You should start seeing messages like the following appearing:
{
"progress": "................................ 5% 12288 KiB",
"ts": 1574763274
}
How does this work?
The goagent has received the new job, and accepted it by reporting back to the AWS Job service an IN_PROGRESS status. It also reports back the current step of the installation progress, in this case "downloading". This information is not available in the console but can be queried via the API prior knowing the jobId and the thingName.
At this stage the mender client is downloading the artifact from S3 via the pre-signed URL and copying it to the inactive partition (mender -install <s3 presigned url>
)
Once the installation is completed and the mender client exits, the goagent reports back to the AWS Jobs service a status of IN_PROGRESS with step "rebooting" and issues a reboot command.
When the system comes up again, the goagent will retrieve the current job as pending. Since the stage is "rebooting" it determines that the Raspberry has rebooted and commit the update using the mender client (mender -commit
), and reports back a successful job. If the commit command fails it means that the system has rebooted to the old partition, and the goagent issues a rollback command (mender -rollback
) and reports back a failed job.
If the network connection is interrupted during the download or the device reboots for any other reason before the update is completed, the goagent invokes the mender install
command which in turn download the firmware again.
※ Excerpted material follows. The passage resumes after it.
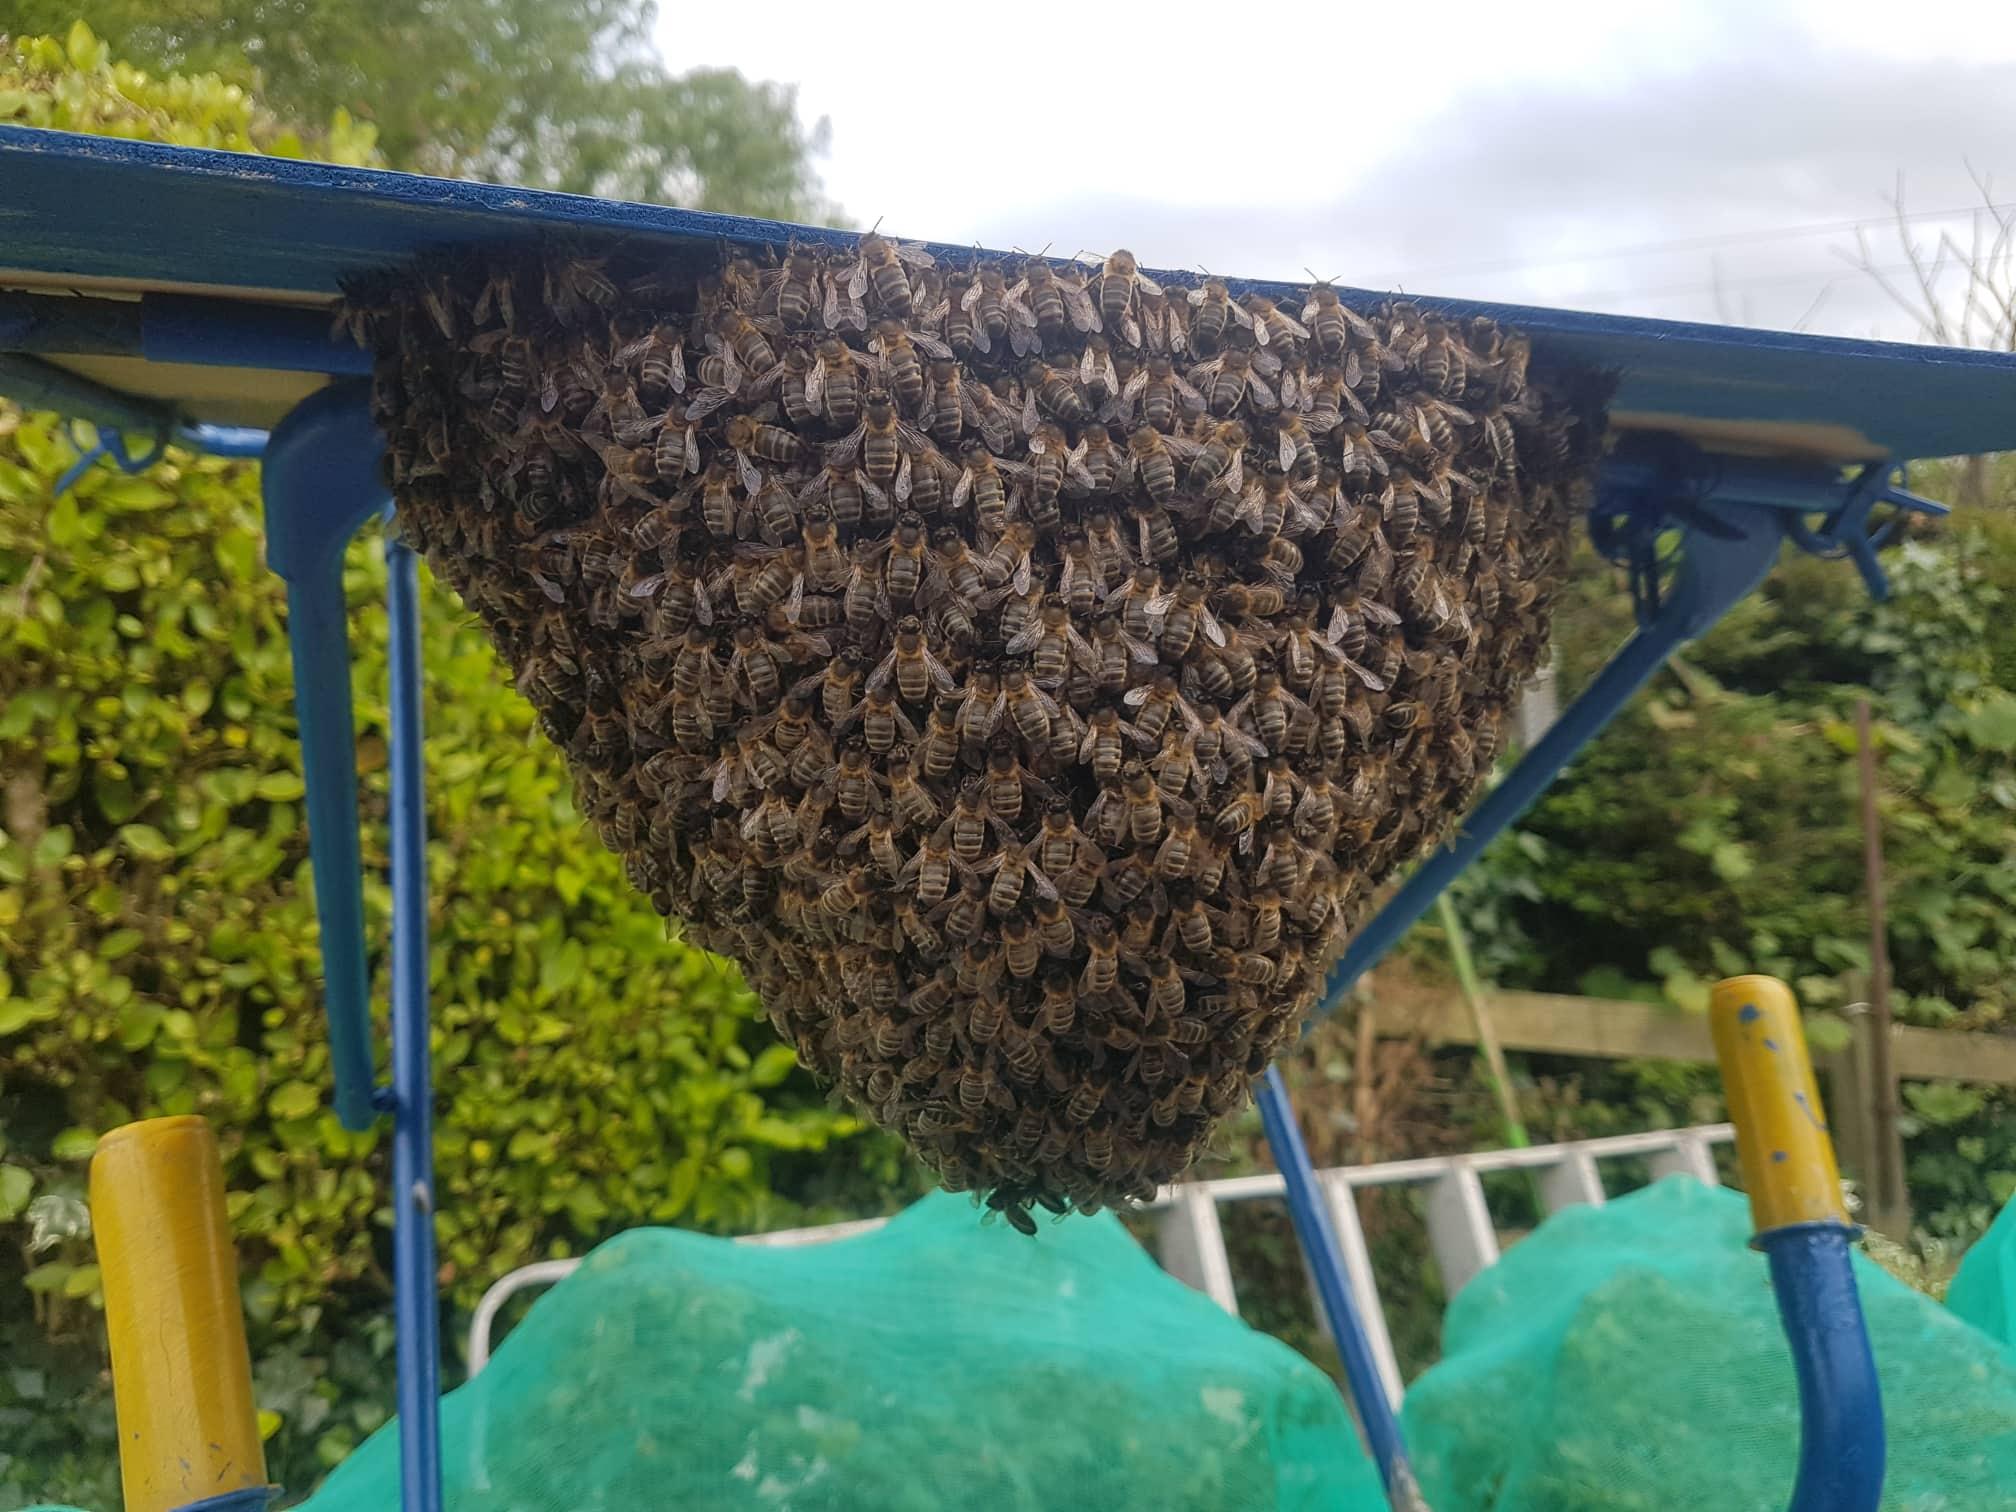 Bees! Help!
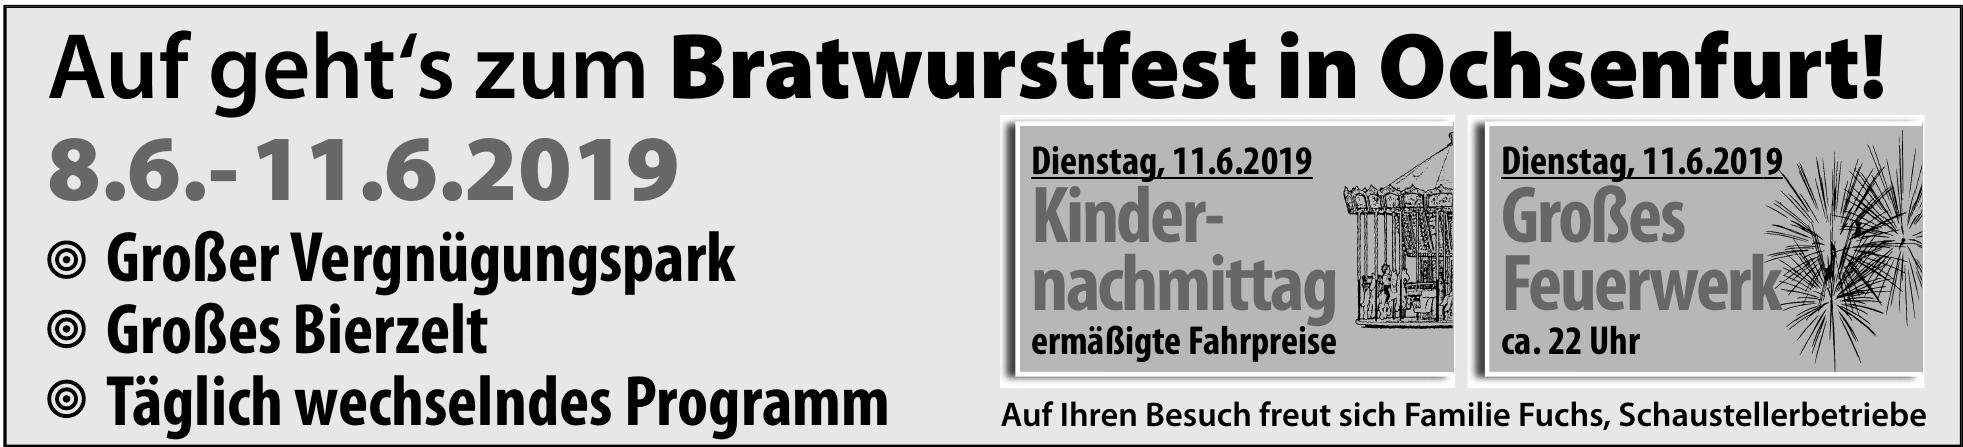 Bratwurstfest in Ochsenfurt

It is also possible to add a counter to the job reported state to keep track of how many time a download has been attempted and fail the job after N attempts.
Troubleshooting
The goagent is not active
On the Raspberry Pi
sudo journalctl -u goagent
to check the logs
The job never shows completed
It might take some time for the mender client to finish the upgrade even after the logs have been showing 99% completion. Be patient. If you have an ssh connection to the Raspberry Pi open during the upgrade, it will disconnect on reboot, indicating that the mender command has successfully terminated. If after this the job still does not show completed, ssh to the Raspberry Pi and check if the goagent is running
systemctl status goagent
Improvements
If you feel brave enough feel free to take this code and:
- Add status reporting (startup time, heartbeat, local IP address) to using thing shadow
- Perform graceful shutdown of other components running on the system before rebooting
- Perform additional system verifications upon reboot before committing
License
This project is licensed under the Apache-2.0 License.